Десять с лишним лет назад в этот день, придя на семинар, он нашел на зеленом сукне букет алых роз. Неторопливо перечитал поздравительную открытку, сдержанно поблагодарил за внимание, сдвинул цветы на край стола, но то и дело возвращался к ним, поглаживая ладонью хрустящий целлофан. И еще сильнее просветлели глаза Слуцкого, когда взгляд его скользнул — поверх нас, раздвинув скучные стены, — но в прошлое. Он стал рассказывать об ИФЛИ и ифлийцах, о юности Самойлова, Когана, о литинститутском курсе Луговского, почти полностью выбитом войной, о Кульчицком и как сам едва не погиб в Югославии…

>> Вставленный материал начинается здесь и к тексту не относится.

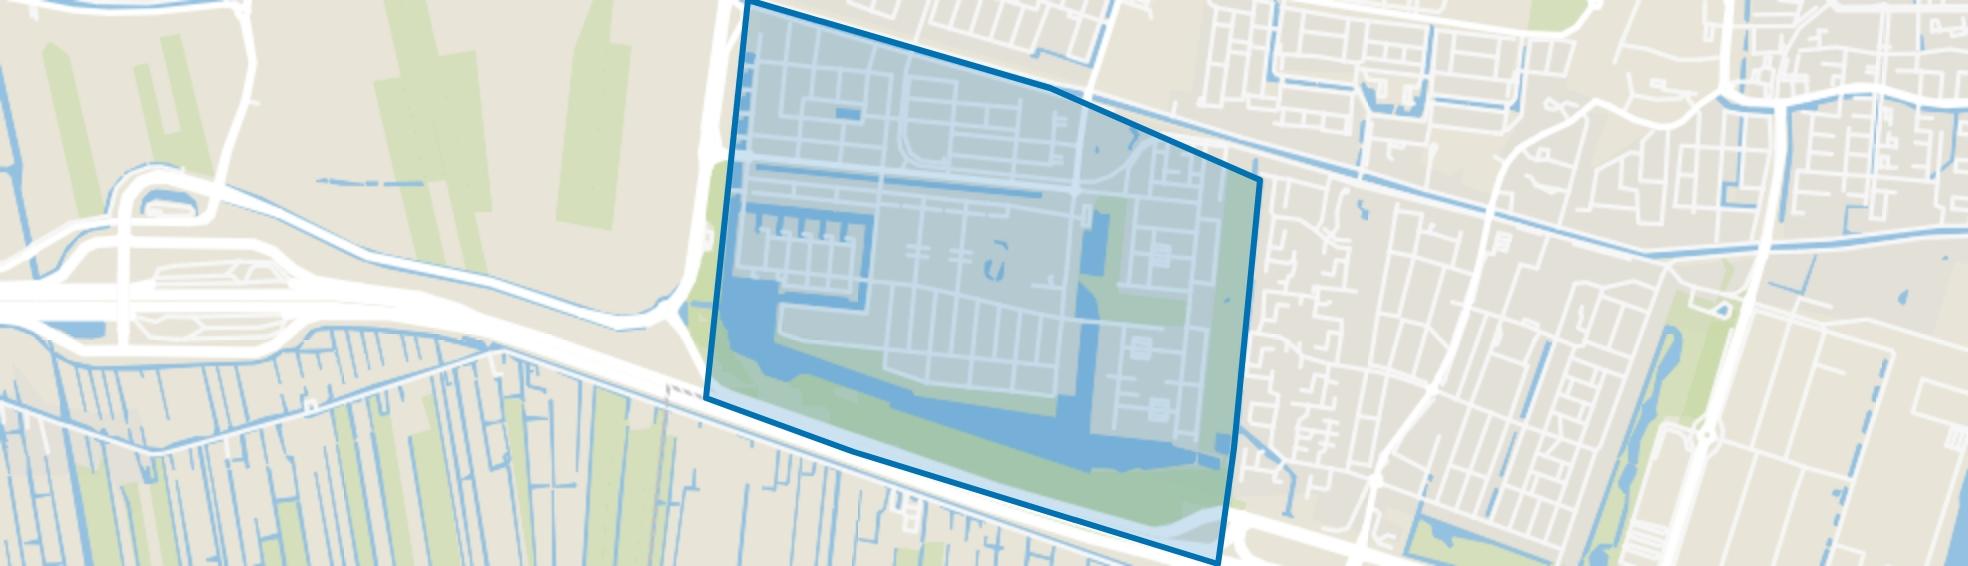 Veldhuizen, De Meern map

Может наш полуподвал и запал в память столь ярко благодаря этому вечеру воспоминаний? Или другому — трагикомическому эпизоду. Мы уже приготовились к обсуждению, как в комнату, неуверенно постучавшись, просочился старательно одетый человек и, шмыгая сизым носом алкоголика, без вступления принялся рассказывать историю своей жизни и как от него ушла жена… Рассказ был столь жуток по искренности, что оборвать его не виделось никакой возможности, пока Слуцкий не спросил человека, чем же мы можем ему помочь. Человек признался, что уже помогли — выслушали, и потребовал, чтобы мы рассудили его жизнь.

— Вы, видимо, не совсем по адресу, — огорошил его Слуцкий, — у нас тут поэтическая студия, мы стихи читаем.

— Да? — не поверил тот. — А на двери написано «Товарищеский суд». И я сразу вижу — вы судья, у вас лицо такое…

— Кажется я сам сейчас поверю, что я не я, а Борис Абрамович Годунов, председатель жилтоварищества, — буркнул Слуцкий, вспомнив фразу из записных записок Ильфа.

И когда Егор Самченко, врач-психиатр, кое-как выдворил гостя, Слуцкий начал занятие.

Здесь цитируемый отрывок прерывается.